Debemos tener presente que el obispo Fellay se rebeló contra las directrices del Capítulo de 2006 que, por ley, estaba obligado a seguir, a saber, que no se puede buscar ningún acuerdo práctico sin el consentimiento previo del Capítulo y sin la conversión de Roma. Sus dichos: “¿Qué entendemos exactamente por 'conversión de Roma'?” (Econe, septiembre de 2012) solo agrava el problema. En resumen, si uno va en contra del ADN de la FSSPX, no se sorprenda de contraer cáncer. Las bendiciones del obispo Charrière y del Arzobispo no se aplican a una organización que regresa a los principios del novus ordo, porque lo que el arzobispo y el obispo Charrière buscaban era escapar del novu sordo (narrativa en la cospec). A Ud. no le gusta, pero la legalidad canónica sigue a la Fe, no al revés.

¿No ve, Padre, que nosotros tampoco podemos seguir colaborando porque no estamos de acuerdo? Para usted soy cruel, para mí, usted está delirando. A usted, como al P. Couture el año pasado, le dije: “Ve al novus ordo si quieres, pero ve sin mí; aún tengo juramentos que cumplir”. En cuanto a la otra mitad de la Sociedad, les dije al Obispo Tissier, al P. Giraud y al P. de Cacqueray que no aceptaré el silencio; si esperamos eternamente, como perros de porcelana, nunca se hará nada para salvar la posición de la FSSPX. Si ustedes desorientan a los fieles, nosotros los guiaremos; si pierden a sus sacerdotes (seis ya en un año en Asia), nosotros los acogeremos, mientras reine la confusión en las altas esferas.

¿No sería maravilloso que el Obispo Fellay se convirtiera?

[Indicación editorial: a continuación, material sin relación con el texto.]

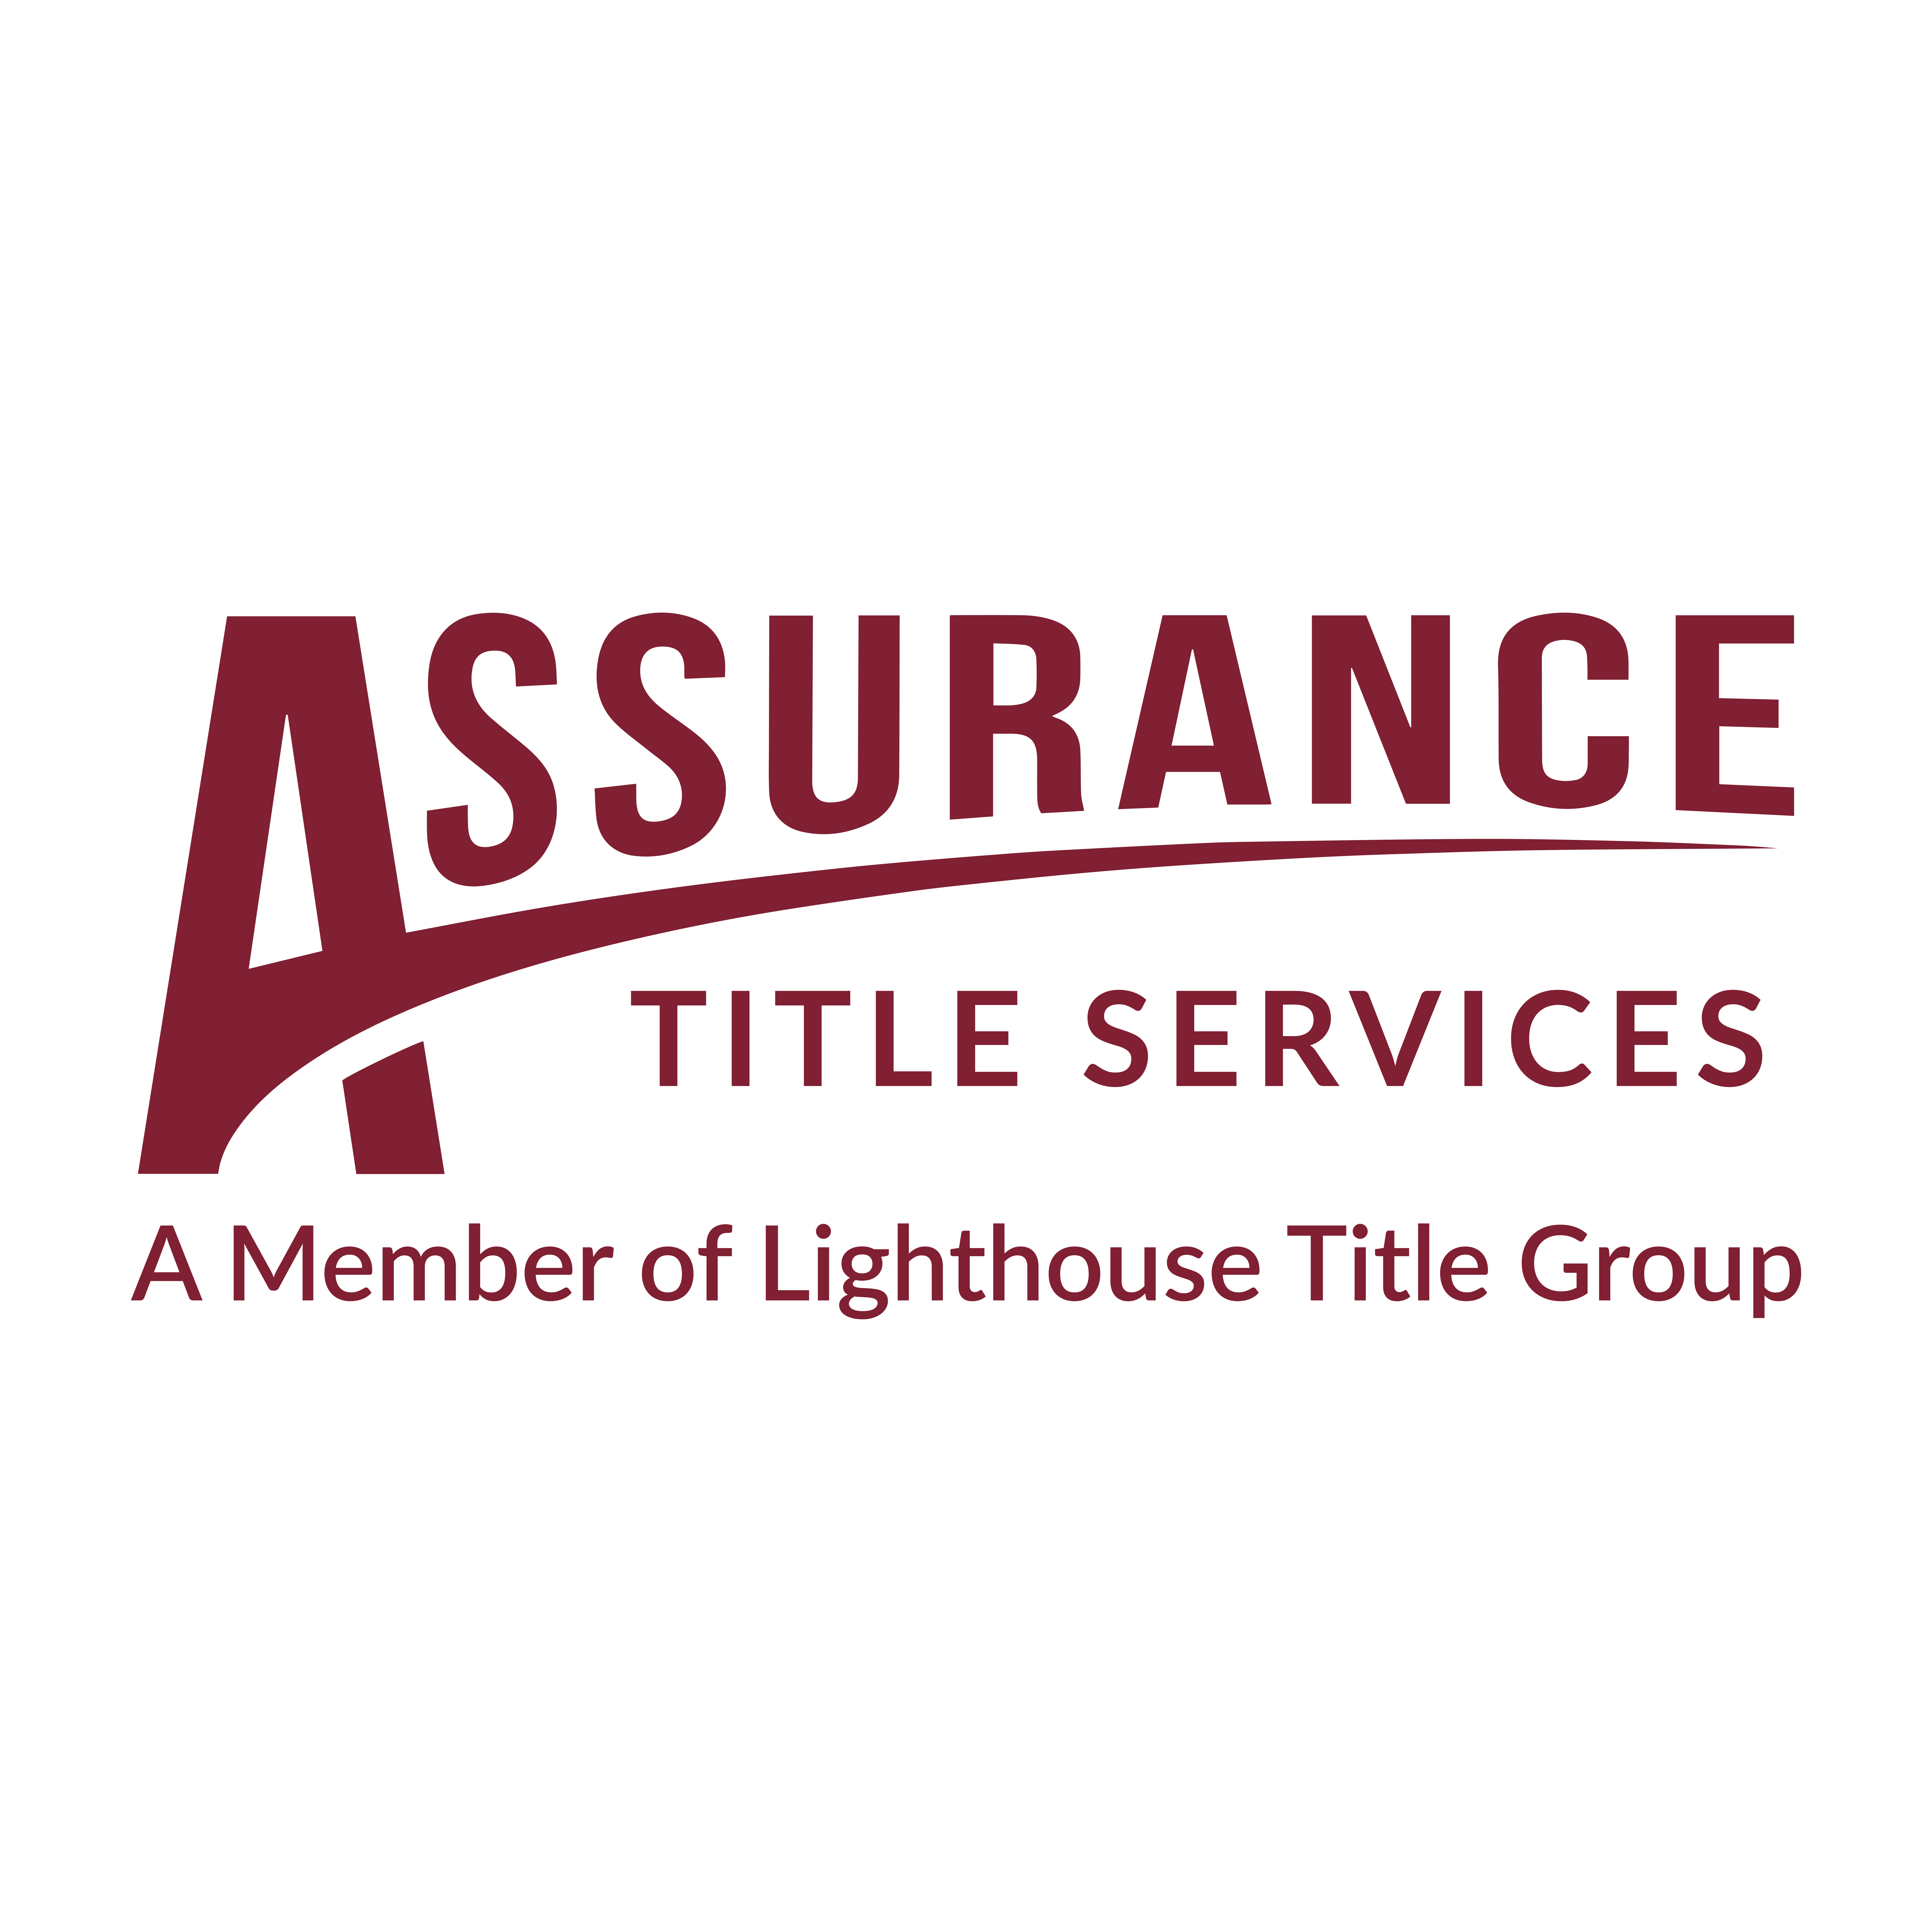 Assurance Title, A Member of Lighthouse Title Group - Oshkosh, WI 54902 - (920)235-0017 | ShowMeLocal.com

Agradecería a todos los que torpedearon el acuerdo, restablecería solemnemente el principio del Capítulo General de 2006, se arrojaría a los brazos del Obispo Williamson y diría entre lágrimas: “Si hubiera firmado este acuerdo, habríamos muerto en un año” (creo que algún Arzobispo dijo eso). Pero creo que debería renunciar y dejar que el padre de Jorna o el obispo Tissier, es decir, algún antiliberal verdaderamente intachable, pongan orden, no necesariamente uno de nosotros, los “rebs” (como usted nos llama). La tarea sería hercúlea, pero nunca se sabe, uno no puede desesperar de la gracia de Dios, así como confío en que usted mantendrá la pelota de ping-pong rebotando conmigo. Ha sido genial hasta ahora. No deje mi amor sin corresponder.

Que Dios lo bendiga, mi querido y luchador padre Laisney,

In Iesu et Maria

Francois Chazal+

Nota:

[1] “Fue Nuestro Señor mismo quien nos hizo comprender con su parábola de la cizaña que siempre habrá, de una forma u otra, maleza que arrancar y combatir en su Iglesia”.